You are talking about what happens in the short period after switch on. Fact is that is complicated because of the different time delays in different electronics components. It is only necessary to write down the steady state situation (after things have settled down**). The circuit doesn't actually need to "predict" anything (and this is a popular misconception and the cause of a lot of confusion with beginners). Currents flow through components until a steady state is reached. This, conceptually, is similar to a mechanical system of masses connected together with springs and with a bit of friction involved. The arrangement reaches a state of equilibrium with each spring taking up a length appropriate to the forces on it. It doesn't need to 'know' anything at all about the rest of the set up.
** There are feedback circuits which will never actually settle down (unstable oscillators). They contain reactive elements (capacitors and inductors) and the volts and current around the circuit keep chasing each other and never actually catch up to reach equilibrium. There is a well known saying that "Amplifiers will oscillate and oscillators will amplify - just to be awkward". Stick with the ideal static circuits to start with.

 

[LvW]

How can a circuit predict the required voltage and produce it?

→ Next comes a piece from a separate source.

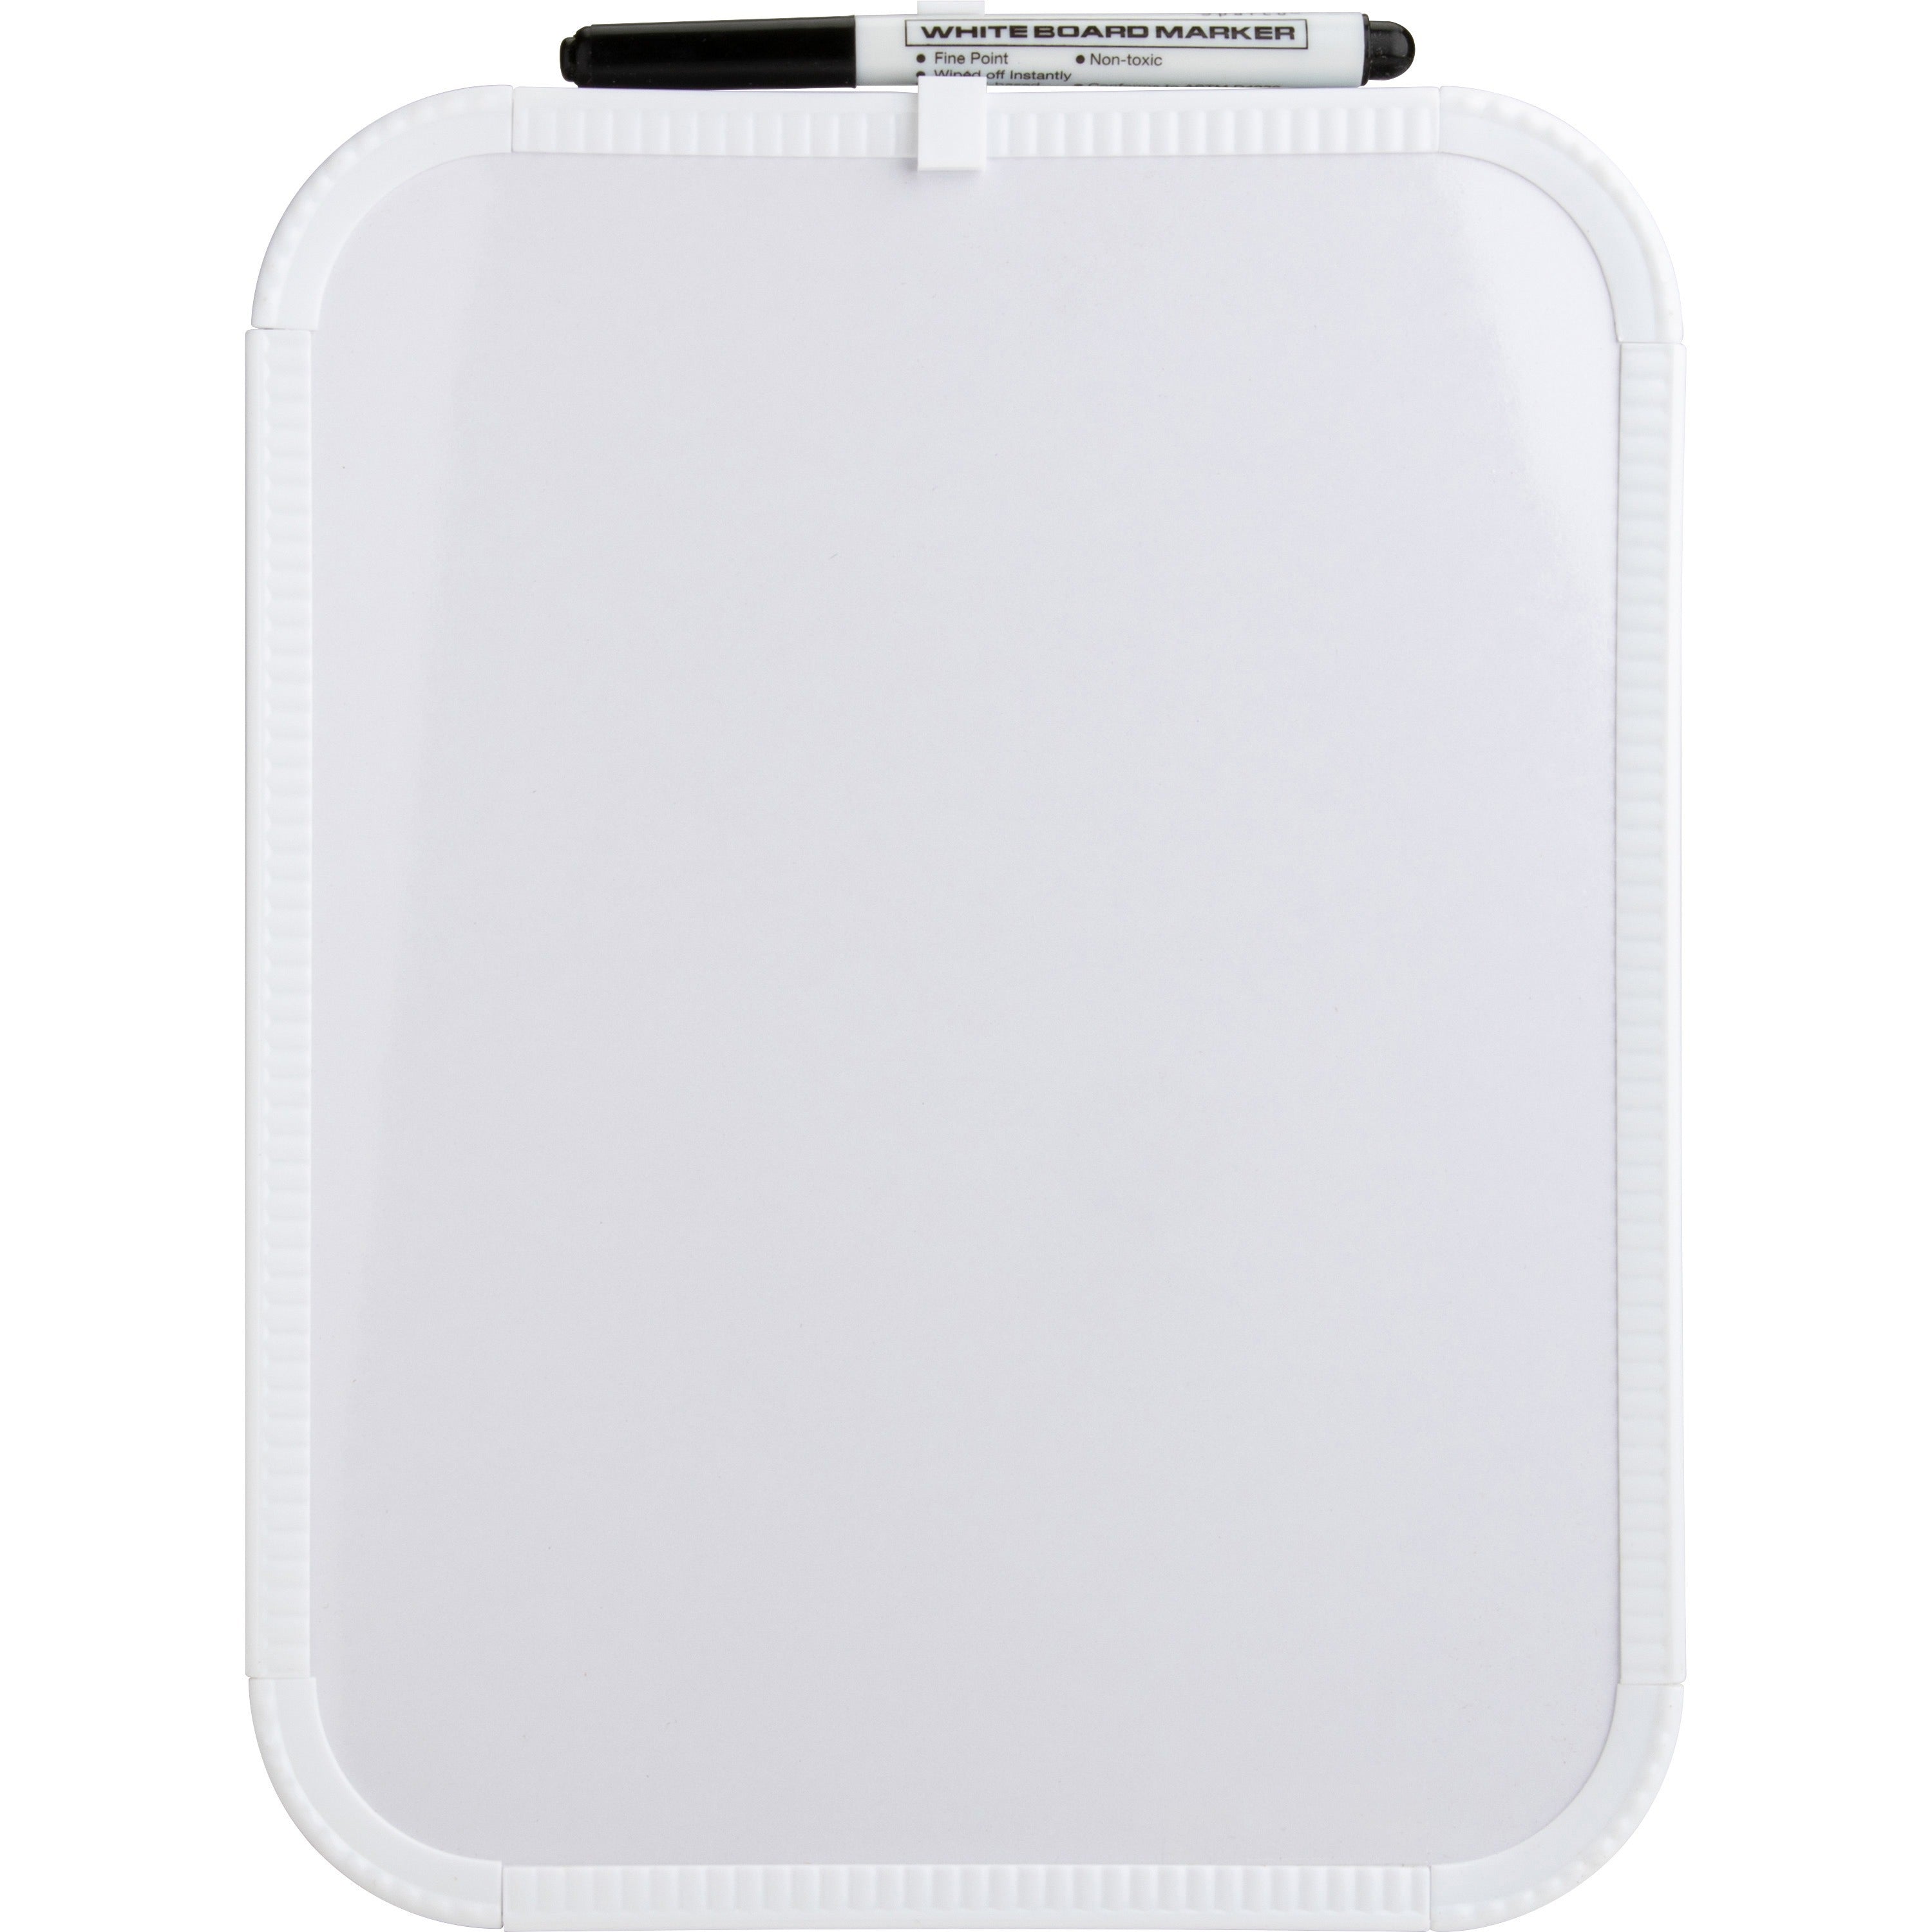 lorell-personal-whiteboard-11-09-ft-width-x-85-07-ft-height-white-melamine-surface-white-plastic-frame-rectangle-1-each_llr75620 - 1

Didn`t you read (or didn`t you understand) my post#3 ? It explains why and when the system has reached an equilibrium state.

 

[jim hardy]

How can a circuit predict the required voltage and produce it?

It doesn't have to predict anything.
All the circuit has to do is detect imbalance and drive toward balance.

Mother Nature loves a balance. So do operational amplifier circuit designers. I presume you're studying to become one.

I'd recommend you buy a breadboard , some LM324's, a resistor assortment , 9v battery and a voltmeter . Then you can build and troubleshoot circuits.
We learn faster by 'doing' than by 'reading about doing'.

Print yourself a copy of this document
https://www.ti.com/ww/en/bobpease/assets/AN-31.pdf
and study the clever circuits

if you get really interested , these guys "Wrote the Book" .
http://web.mit.edu/6.101/www/reference/op_amps_everyone.pdf
it's 400+ pages , so
Print and keep a hardcopy in a binder or buy a copy it'll be a lifelong resource.